Muss man tot und bedeutend sein, um in Frankfurt/Oder so gut zu wohnen? Was dieser Kleist die Stadt gekostet hat, und zum Dank beherbergt er Ausländer und kriegt auch noch ein Denkmal. Oder eher einen Sarkophag samt einem lyrisch hingestreckten Bekränzten mit Leier ohne Saiten.

Was folgt, ist Genörgel und Geschwafel. Grundtenor: Alles schlecht. Angesichts dreier Angler am Oderufer stellt er sich und uns die nächstliegende Frage:

Wer wäre noch erstaunt, Menschen hier zu finden, die mit Handkantenschlägen Kaninchen schlachten?

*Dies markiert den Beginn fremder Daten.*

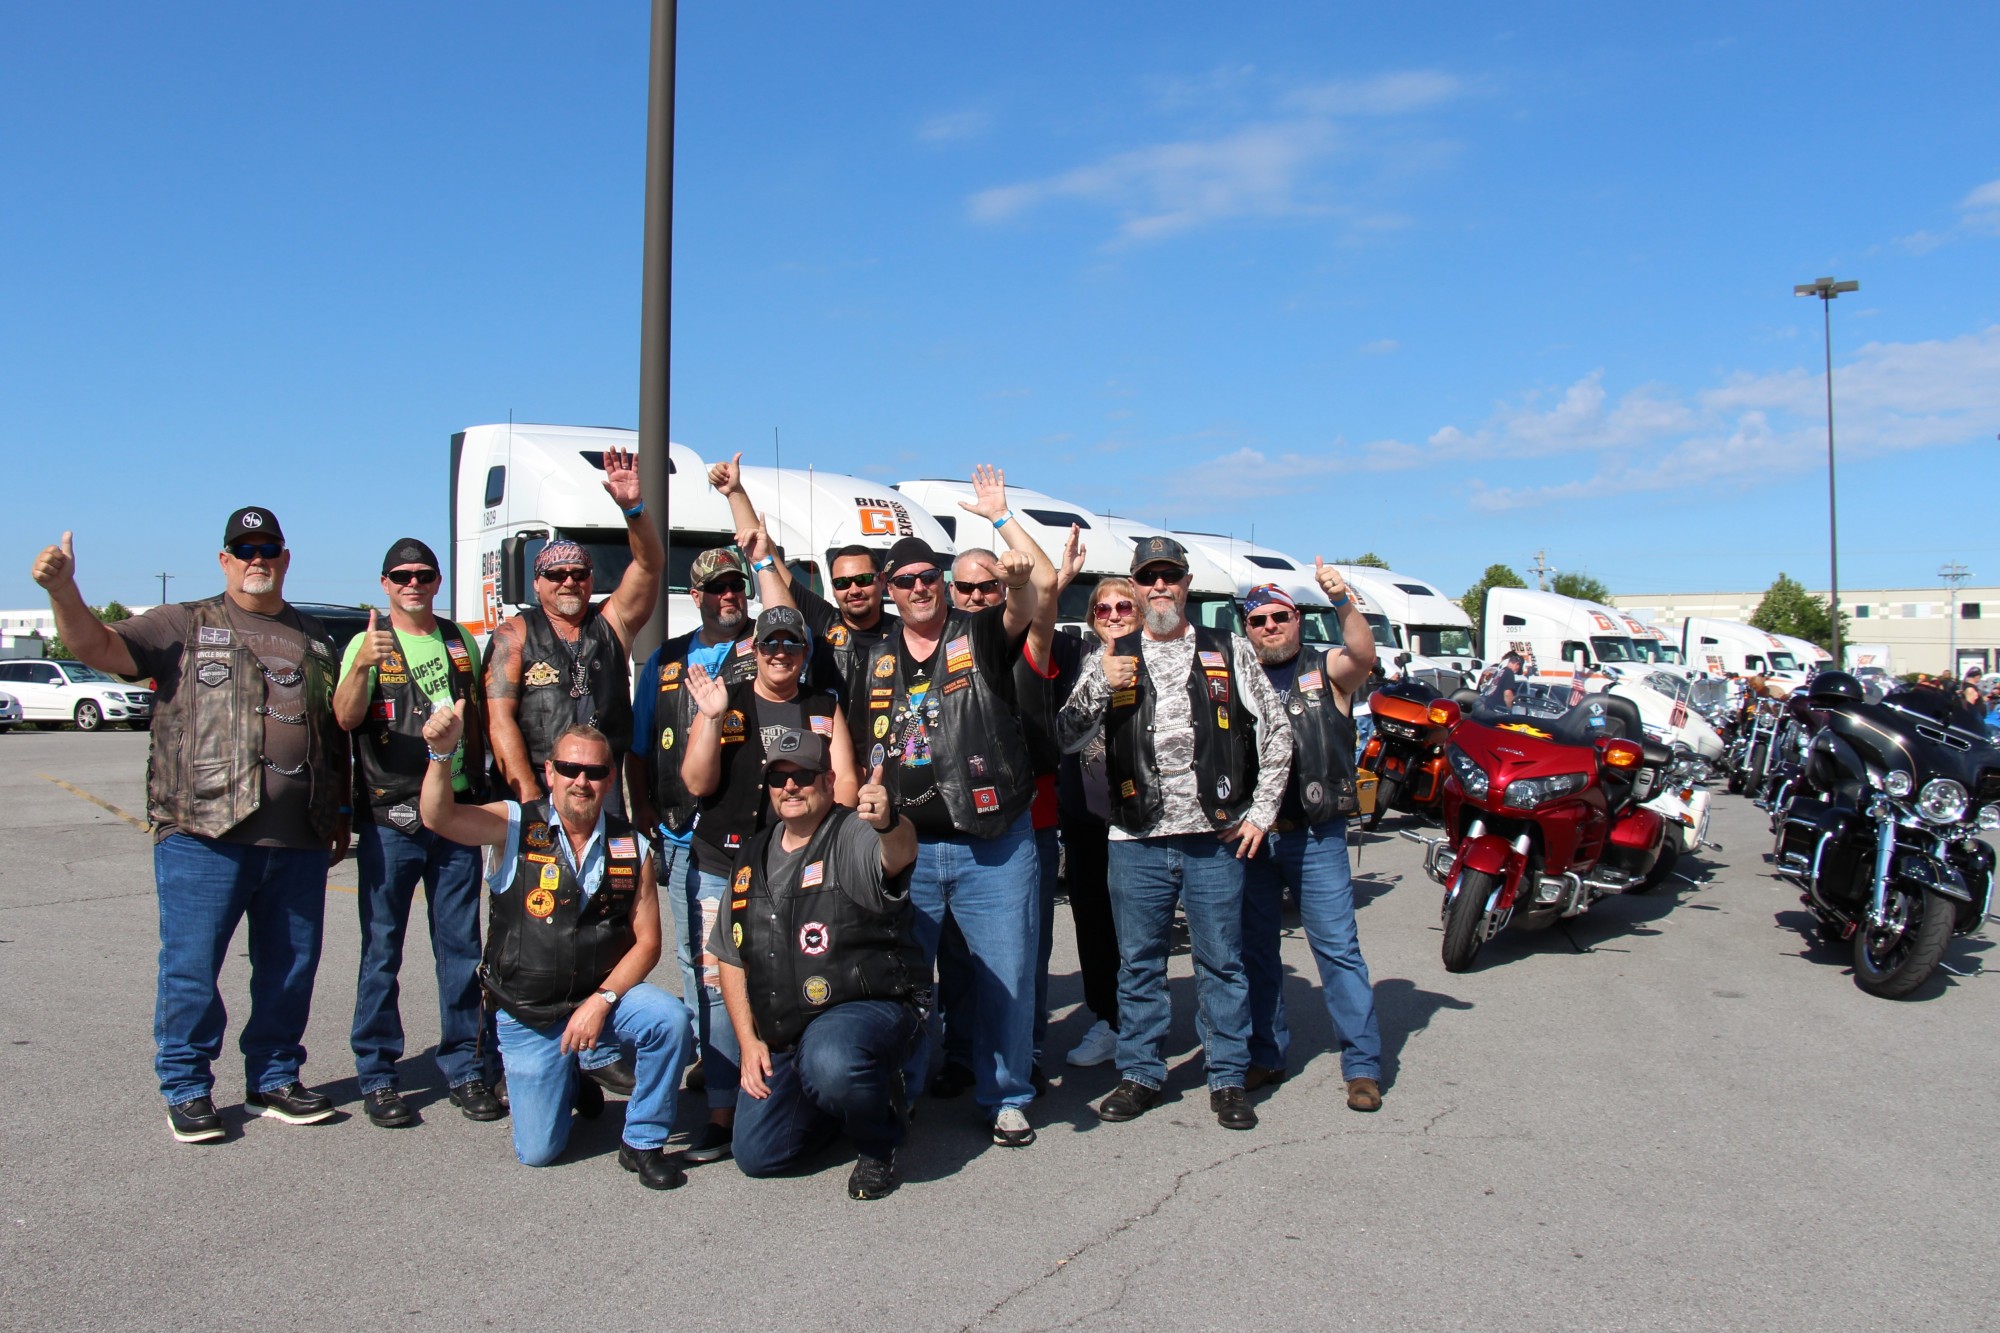 Big G Express More than Doubles Fundraising Goal with Motorcycle Ride Benefiting St. Jude's 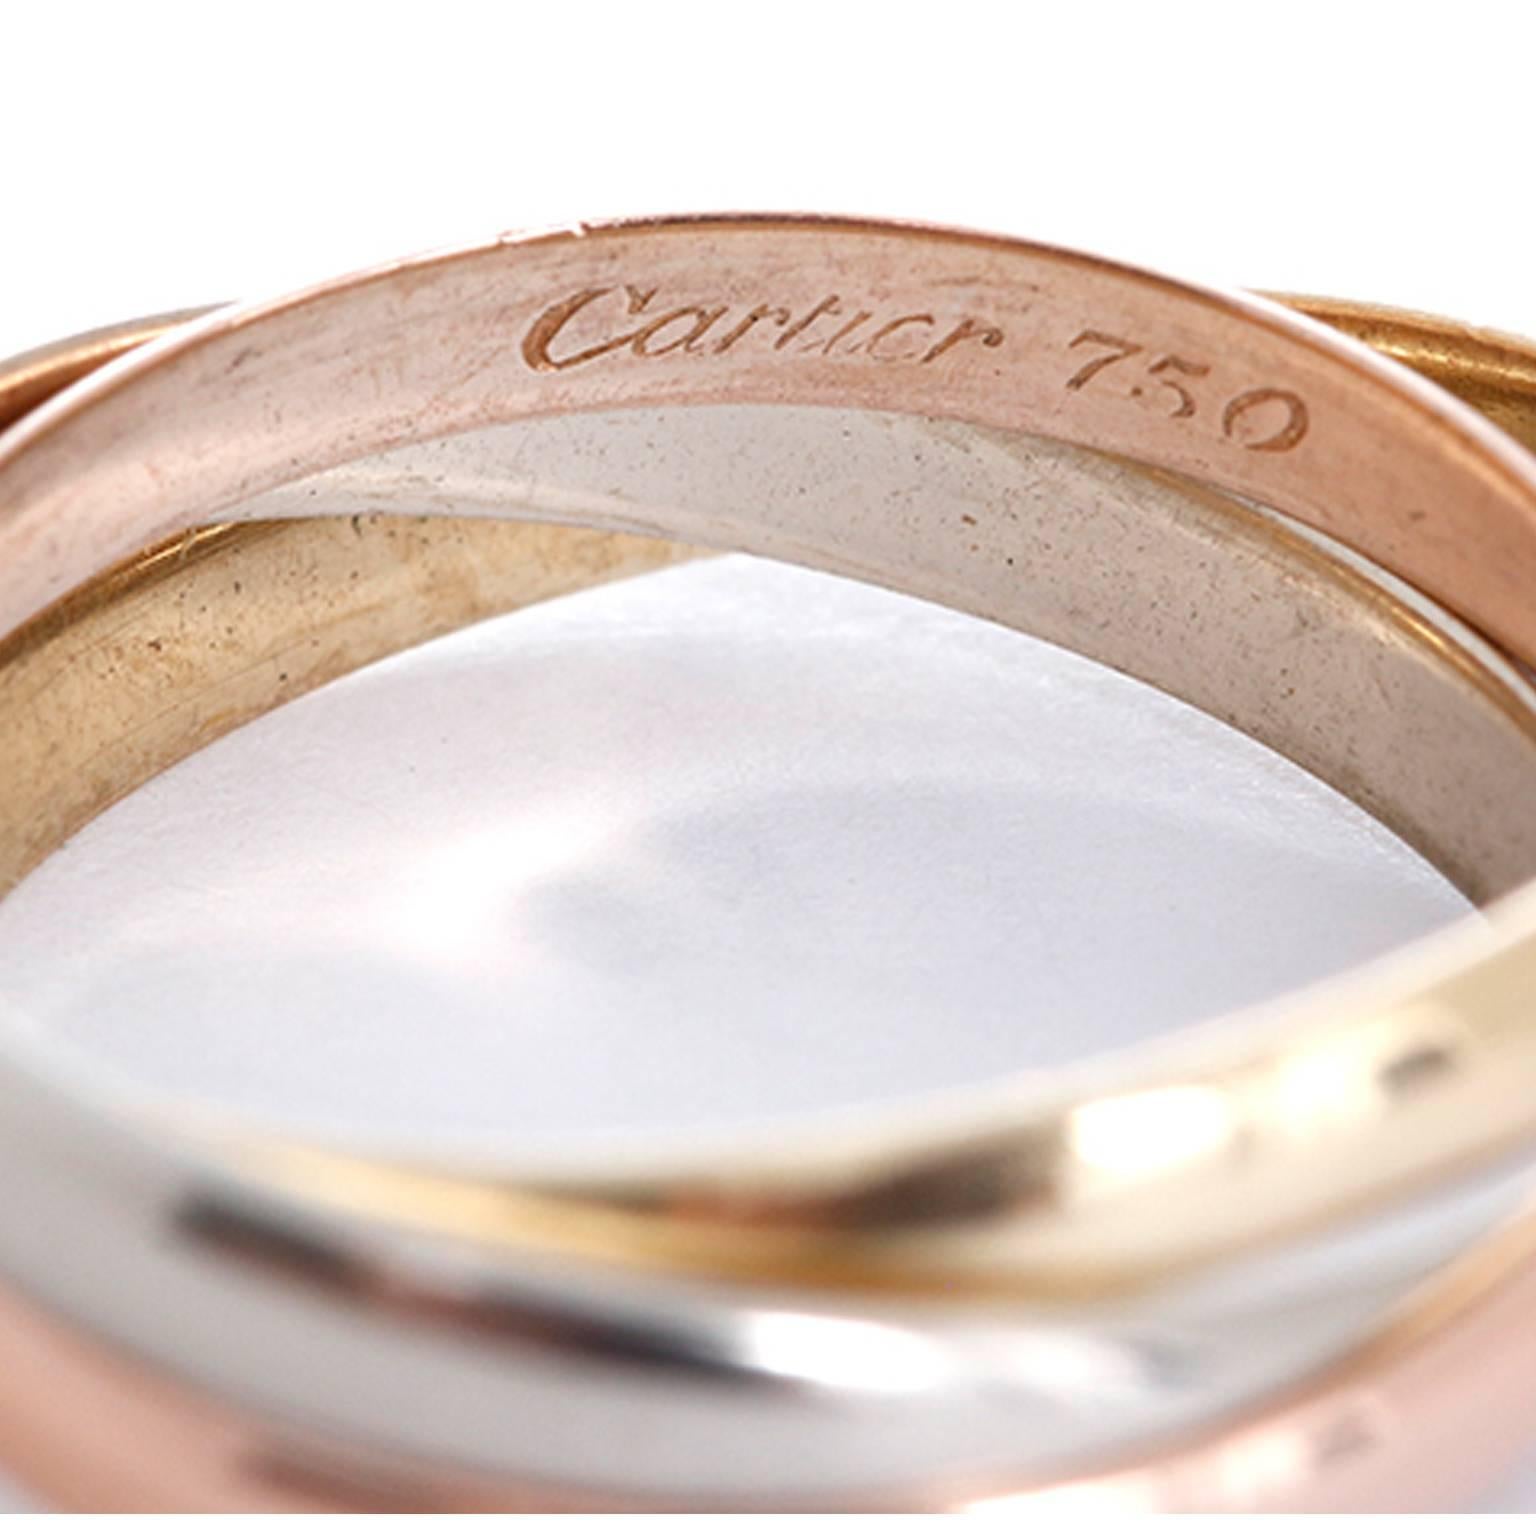 Cartier Trinity 18K Tri-Color Ring Sz. 51(US 5-3/4) -  This Cartier Trinity ring features 18k white, yellow, and pink gold. Three symbolic colors: pink for love, yellow for fidelity and white for friendship. Small model; total weight is 3.9 grams.

Aha. Der Fairness halber muss gesagt werden, dass Roger Willemsen nicht nur Frankfurt (Oder) bzw. Ostdeutschland wenig ansprechend fand, sondern dass diese Sprache der rote Faden auf der ganzen Deutschlandreise ist/war. Mit so einem Griesgram möchte man keine drei Tage Urlaub machen, mit Ausnahme er bezahlt! Vom protestantischen Meer zu den katholischen Bergen – ganz Deutschland ist bei Willemsen ein düsteres Drecknest! Vielleicht lag’s am Reisemonat, vielleicht an mangelnder Triebabfuhr (das Sex-Thema zieht sich so durchs Buch), vielleicht ist der Text auch eine Anspielung oder gar Parodie auf etwas von Heine oder Brecht oder Ironie? Das habe ich mich oft gefragt und keine Antwort gefunden, weiß es auch heute nicht und muss nun gehen.

Als Fremder sucht man immerzu das Eigentliche, irgendetwas, was hinter allem ist, das Wesentliche, aber man kommt nur durch Fassaden und Tapetentüren.

Darauf möchte ich nur mit einem Zitat antworten: Niemand ist so blind, wie einer, der nicht sehen will. Guten Abend!